I guess that explains what I was doing out there on the very rim of the Empire. I don't have any more to do with those self-important, ego-inflated aristocrats than I absolutely have to. Don't get me wrong, now - I love my father. It's all the fools he's surrounded by I can't stand. And since in an Empire the size of the Ninety-Nine Stars there are always a ton of minor situations that need attention before they become major problems, I can always find reasons to be anywhere other than Alphum.

Like, for instance, on Herrig's World.

I doubt there are more than a dozen people on the whole of the capitol planet who've ever heard of Herrig's World, much less know that the place's only major export is minzite ore. Yet nearly everyone makes use of the antigravity and artificial-gravity generators the refined form of this extremely rare mineral makes possible.

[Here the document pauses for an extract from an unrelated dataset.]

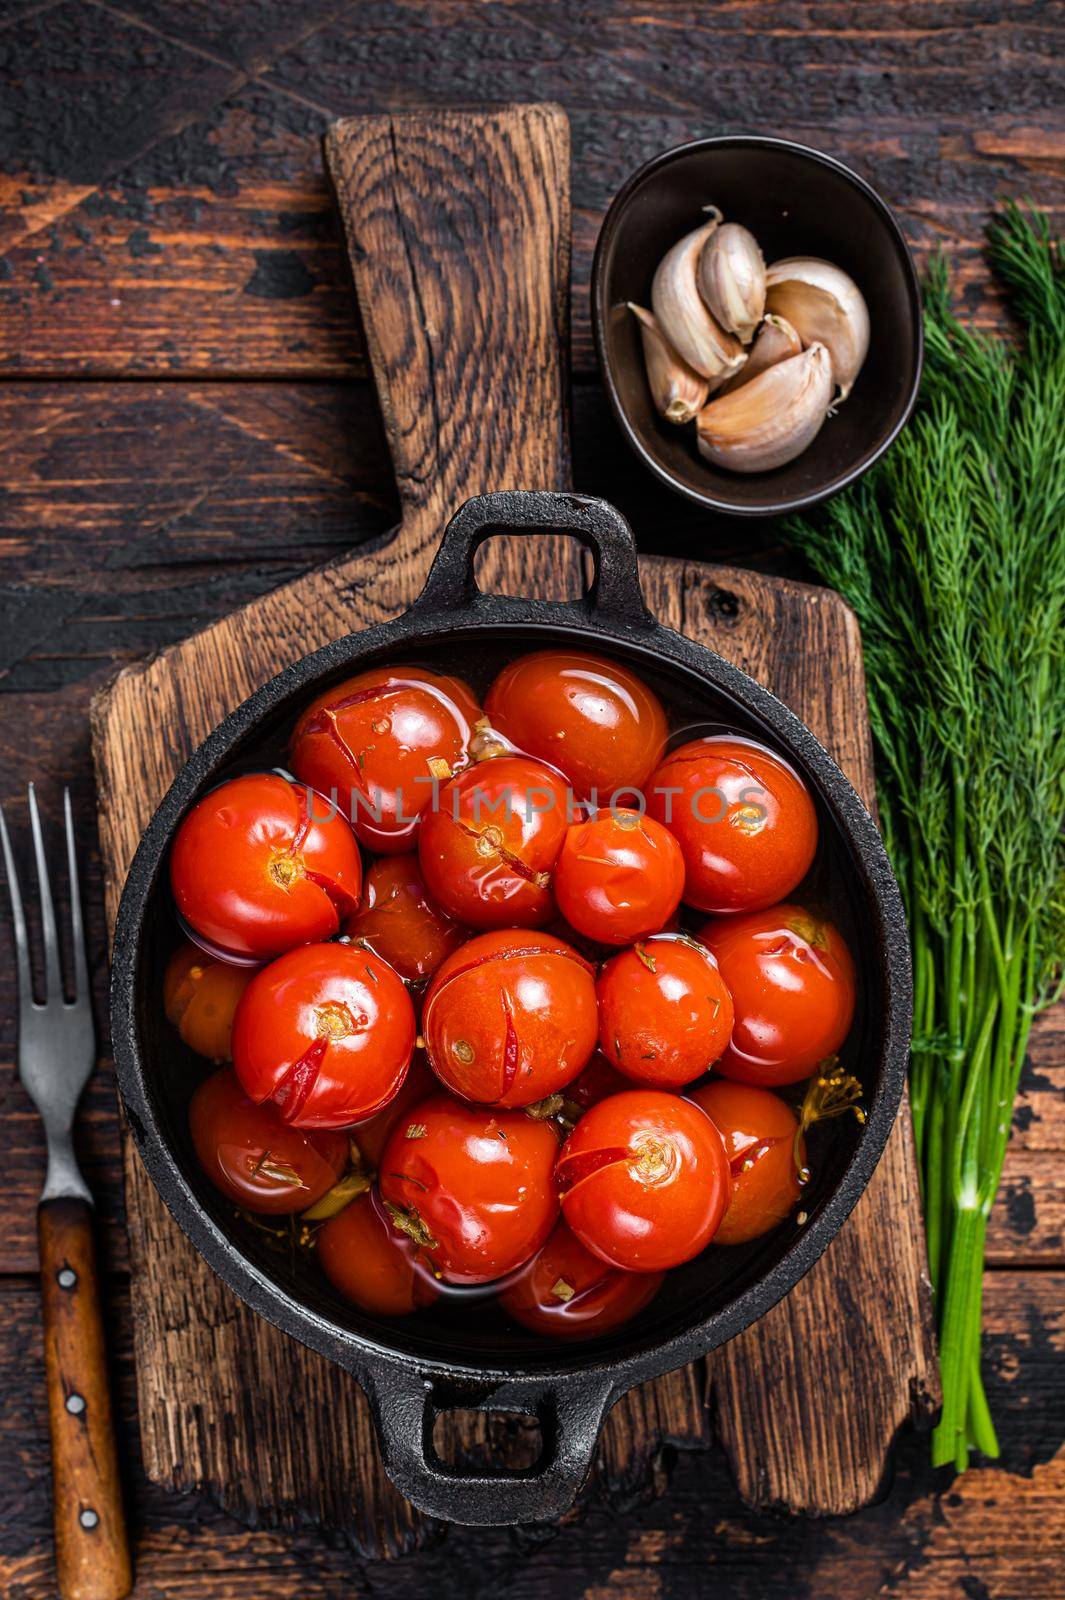 Salted Pickled cherry tomatoes in a pan with herbs and dill. Dark wooden background. Top view.

There are any number of products like this, of course, available from only one or a very few sources but highly desired everywhere, in this great Empire of ours. Few, however, are as universally used as minz coils. So, when the production of something as valuable as this experiences a sharp decline for no apparent reason, it attracts attention.

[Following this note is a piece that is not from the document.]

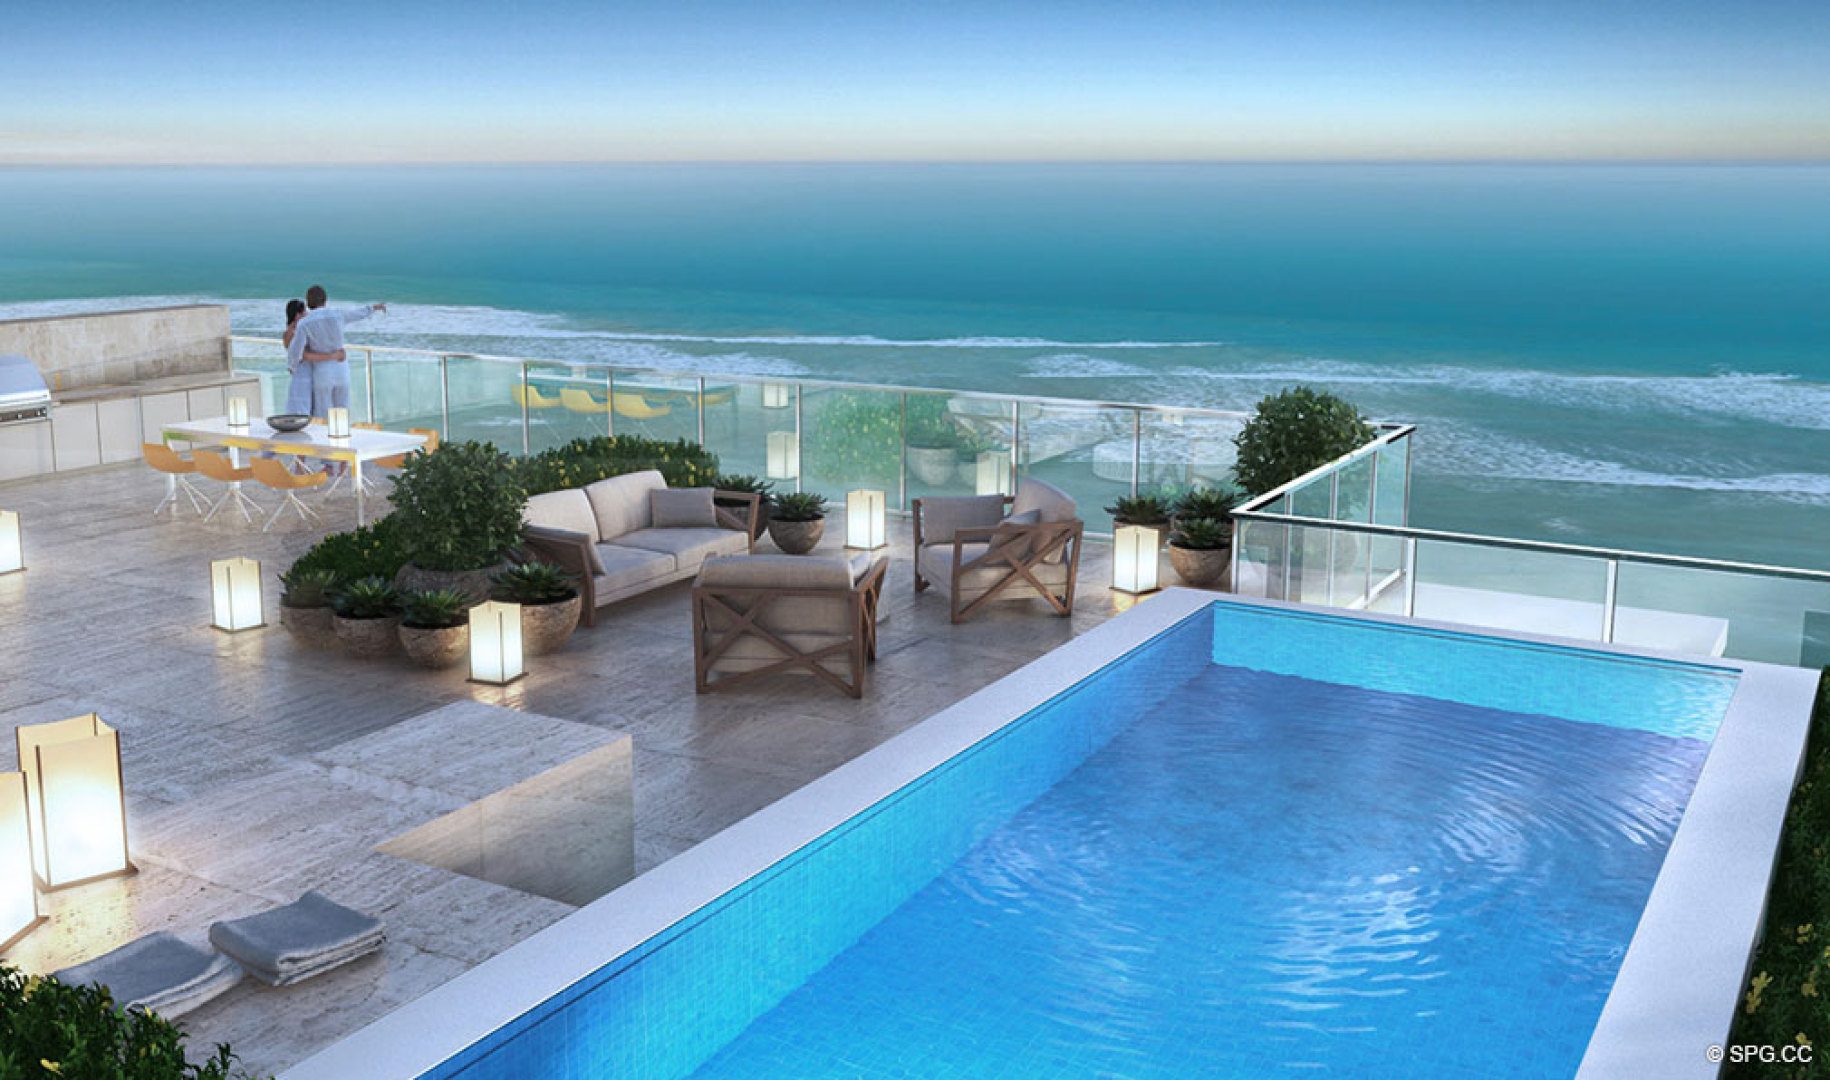 Private Rooftop Pool and Terrace at Sage Beach, Luxury Oceanfront Condos in Hollywood Beach Florida 33019

Now, this could have been addressed in several different manners. The navy could have been sent in to investigate, but they never do anything small. A flotilla of a dozen or more starships would have arrived, and chances are production would've suddenly undergone a miraculous recovery. At least until they left, anyway. Or an official auditor could have been dispatched, but he would have found several perfectly good reasons for the decline and filed a report saying, oh well, that's just the way it is. He would be much wealthier by the time he did so, but, well, that's just the way it is.

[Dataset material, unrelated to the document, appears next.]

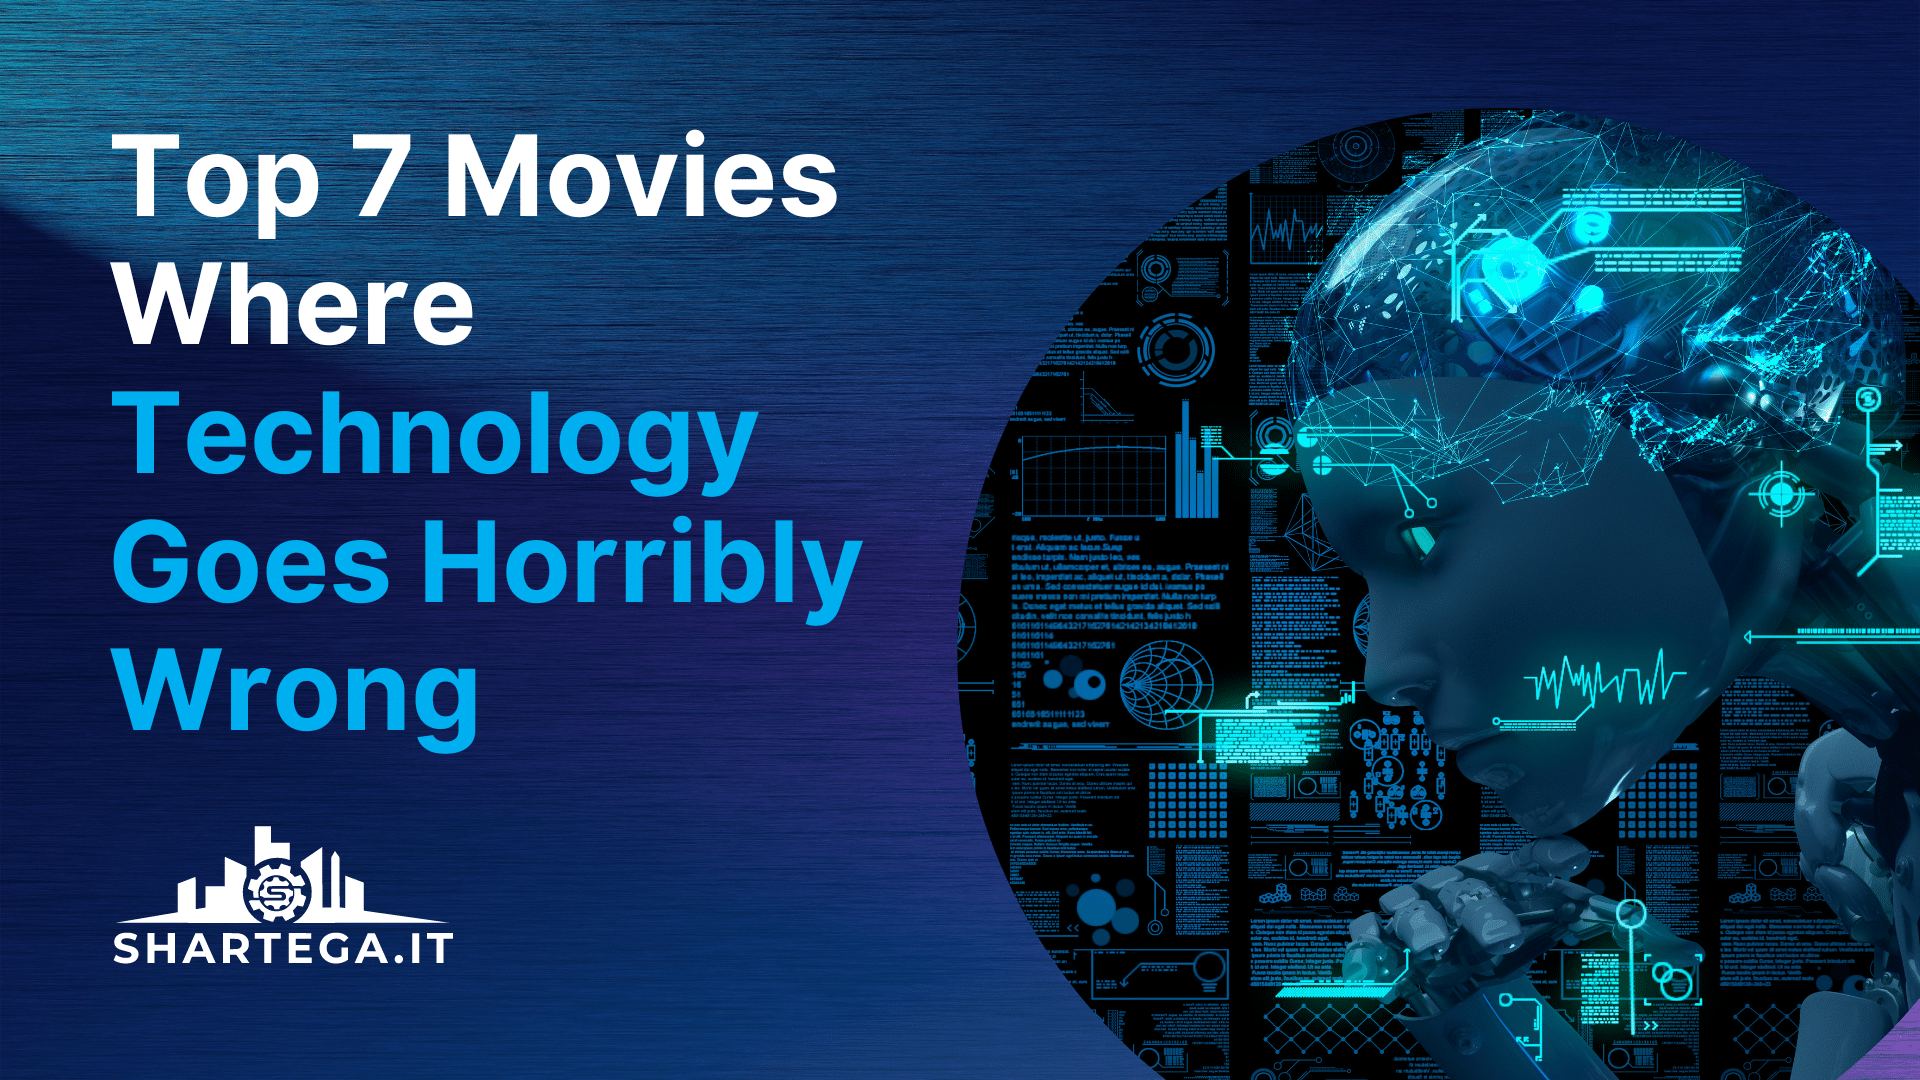 Top 7 Movies Where Technology Goes Horribly Wrong

Or I could go there and make a few quiet, discrete inquiries and find out precisely who was profiting when several different mining corporations all suddenly started reporting record-low production rates.

It sounded so simple when I told my father I'd look into things there. But is anything ever simple?

During the two-week hyperspace flight from the agricultural world Demetria, where I'd just investigated and solved a nasty case of well poisoning, I read up on all I could find about Herrig's World, which wasn't a whole lot. It's a relatively young planet, mostly jungle on its one huge continent, and its native life is at that stage in its evolution where every species is trying out all kinds of creative ways to kill and eat every other species. Think Earth's dinosaur epoch on mega-steroids, because life there found a way to make natural ceramics early on. Everything is armored in super-tough shells, and every creature has its own uniquely lethal means of getting at the delicious creamy filling of these hard shells.

Minzite mining is the sole reason for a human presence there, and temporary mining towns are practically the only settlements on the whole planet. People have been plundering it for something like 400 years now, and they still have to import virtually everything they use there. It seems that a world full of hungry beasts with armor-piercing appendages just doesn't attract many farmers or vacationers. Go figure.

The culture there is just what you'd expect in mining towns surrounded by lethal predators on all sides. Lives are cheap, passions run high, and everyone is armed to the teeth.

Oh, and did I mention the fact that the mines pay so well that, despite all this, people are willing to kill to get hired on?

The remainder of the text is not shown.